Sometimes a lake will disappear quickly. On 3 June 2005, in Nizhny Novgorod Oblast, Russia, a lake called Lake Beloye vanished in a matter of minutes. News sources reported that government officials theorized that this strange phenomenon may have been caused by a shift in the soil underneath the lake that allowed its water to drain through channels leading to the Oka River.

The presence of ground permafrost is important to the persistence of some lakes. According to research published in the journal Science ("Disappearing Arctic Lakes", June 2005), thawing permafrost may explain the shrinking or disappearance of hundreds of large Arctic lakes across western Siberia. The idea here is that rising air and soil temperatures thaw permafrost, allowing the lakes to drain away into the ground.

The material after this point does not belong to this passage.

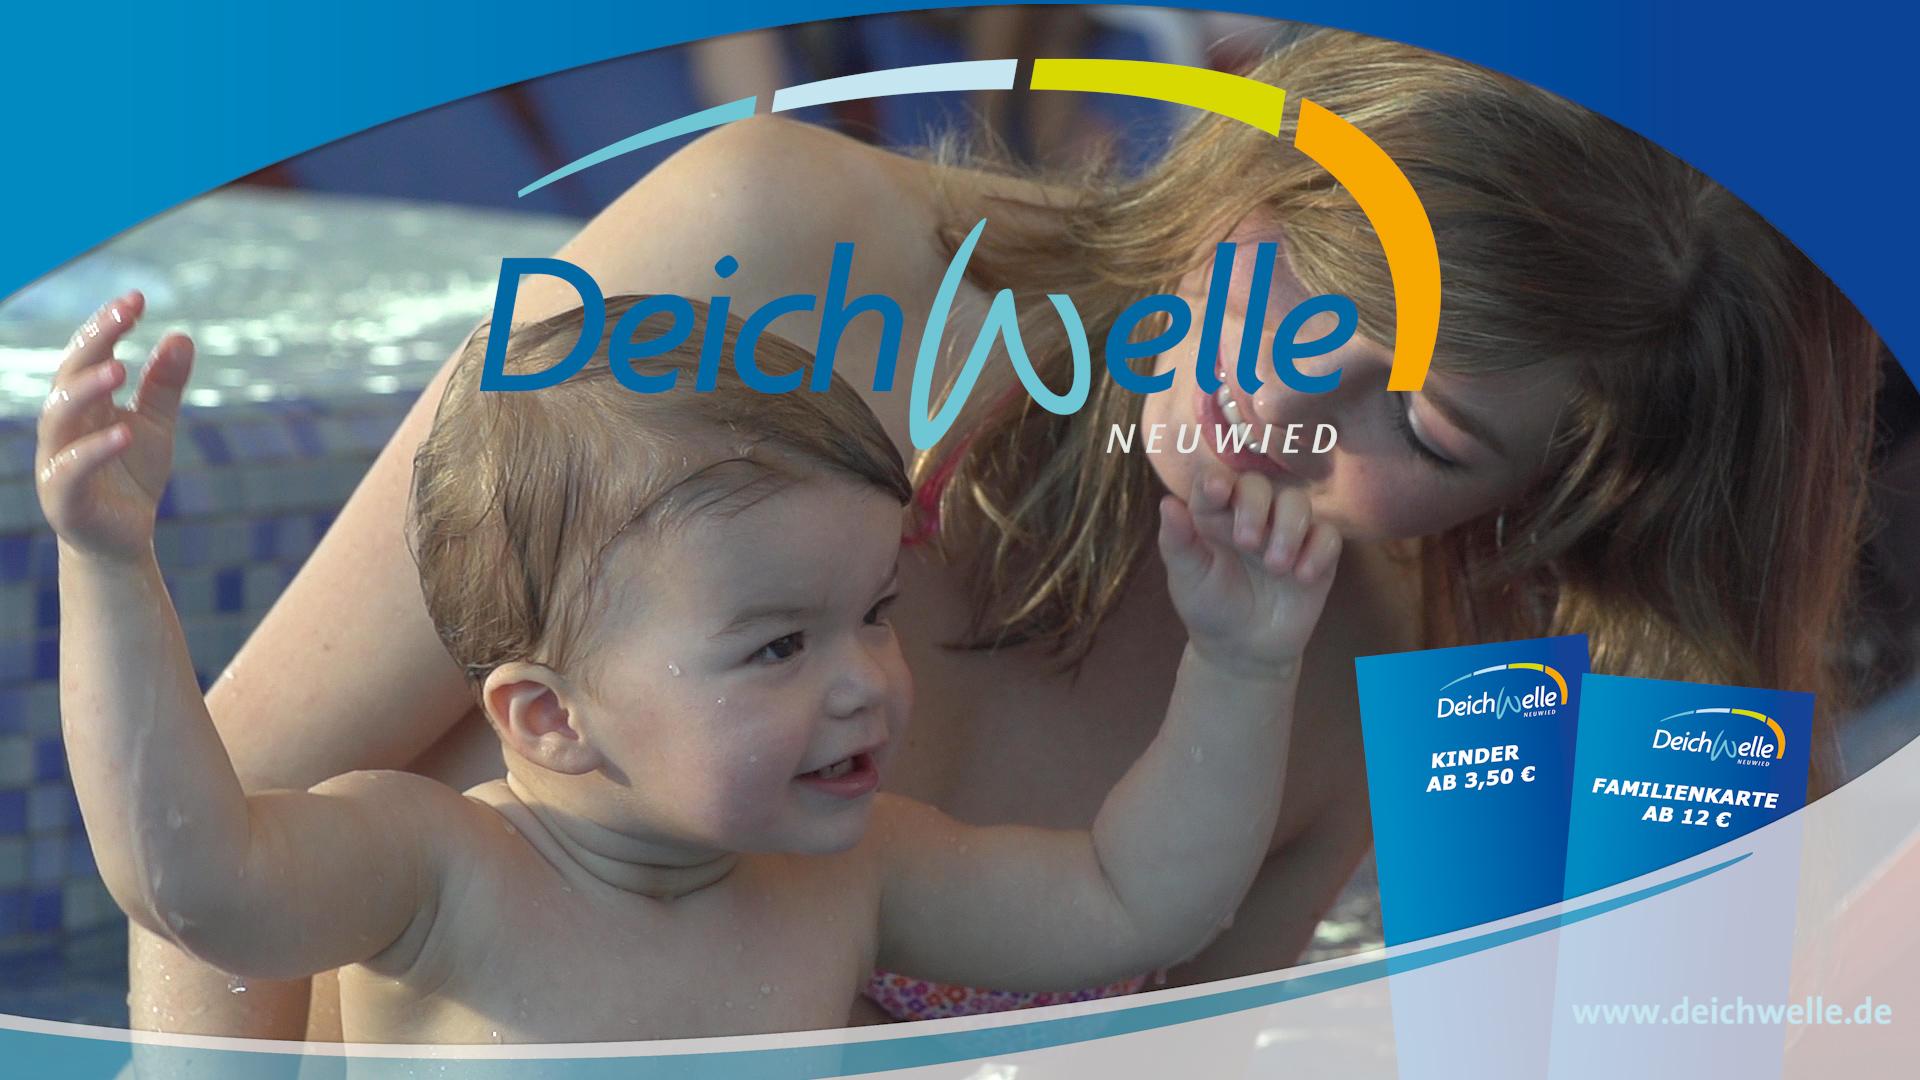 Deichwelle_01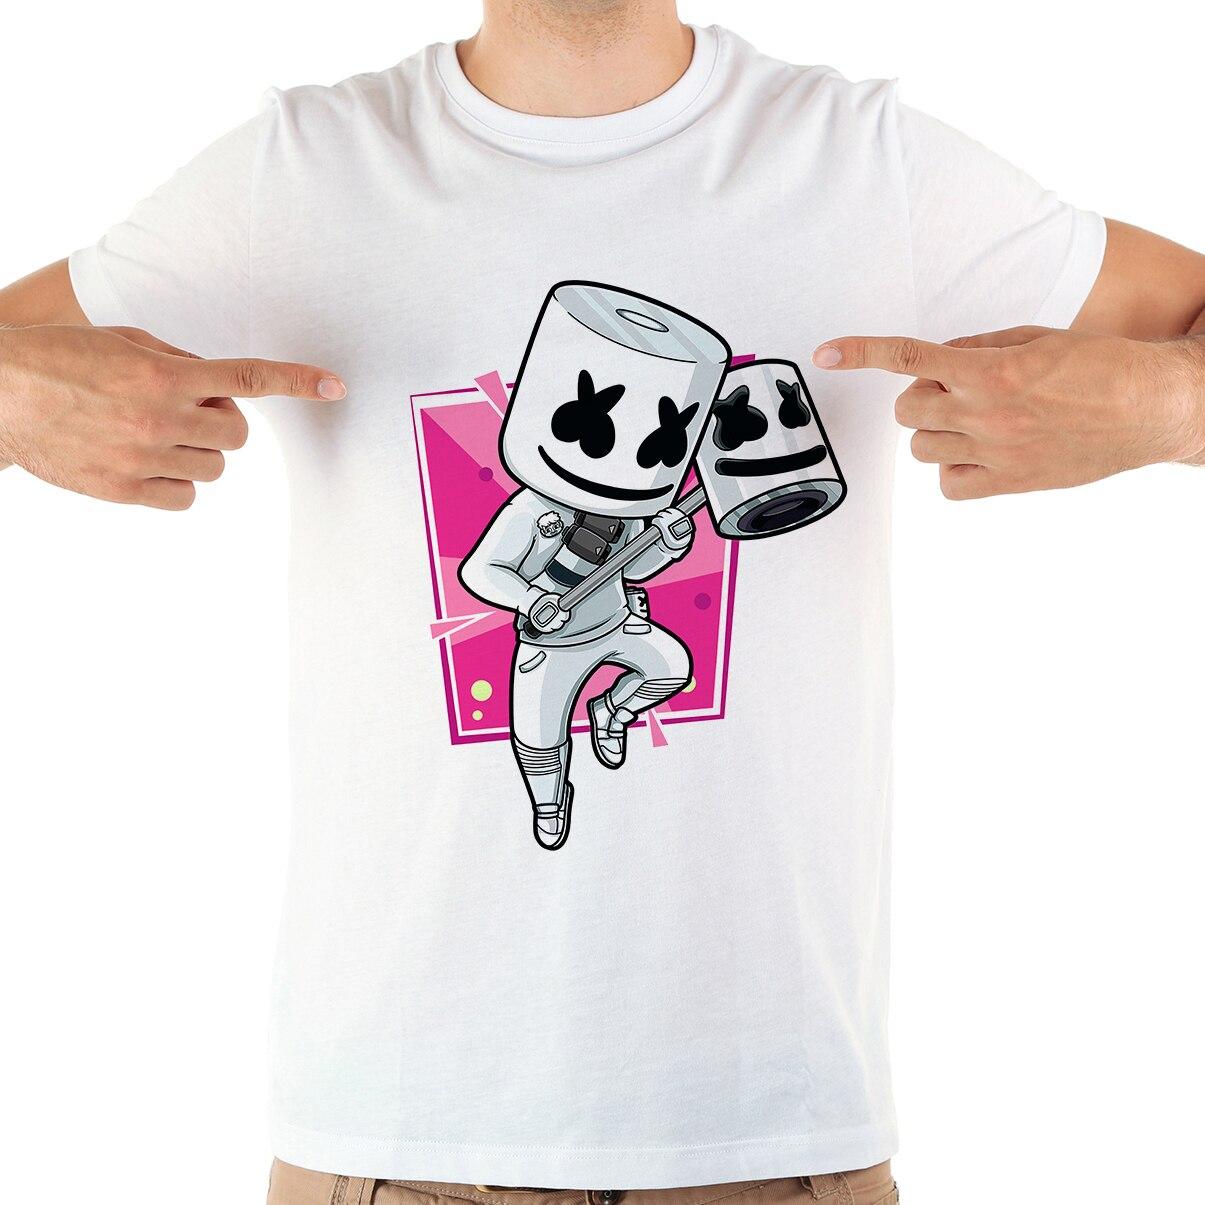 T-shirts Film Avengers 4 Endgame Quantum Reich Battle Suit Cosplay Kostüm T-shirt T-shirt Kurzarm O-ansatz T-shirt Sommer Casual Top Herrenbekleidung & Zubehör

Some lakes disappear because of human development factors. The shrinking Aral Sea is described as being "murdered" by the diversion for irrigation of the rivers feeding it.

Extraterrestrial lakes

Titan's north polar hydrocarbon seas and lakes as seen in a false-color Cassini synthetic aperture radar mosaic. Only one world other than Earth is known to harbor large lakes, Saturn's largest moon, Titan. Photographs and spectroscopic analysis by the Cassini–Huygens spacecraft show liquid ethane on the surface, which is thought to be mixed with liquid methane. The largest Titanean lake, Kraken Mare at 400,000 km, is three times the size of any lake on Earth, and even the second, Ligeia Mare, is estimated to be slightly larger than Earth's Lake Michigan–Huron.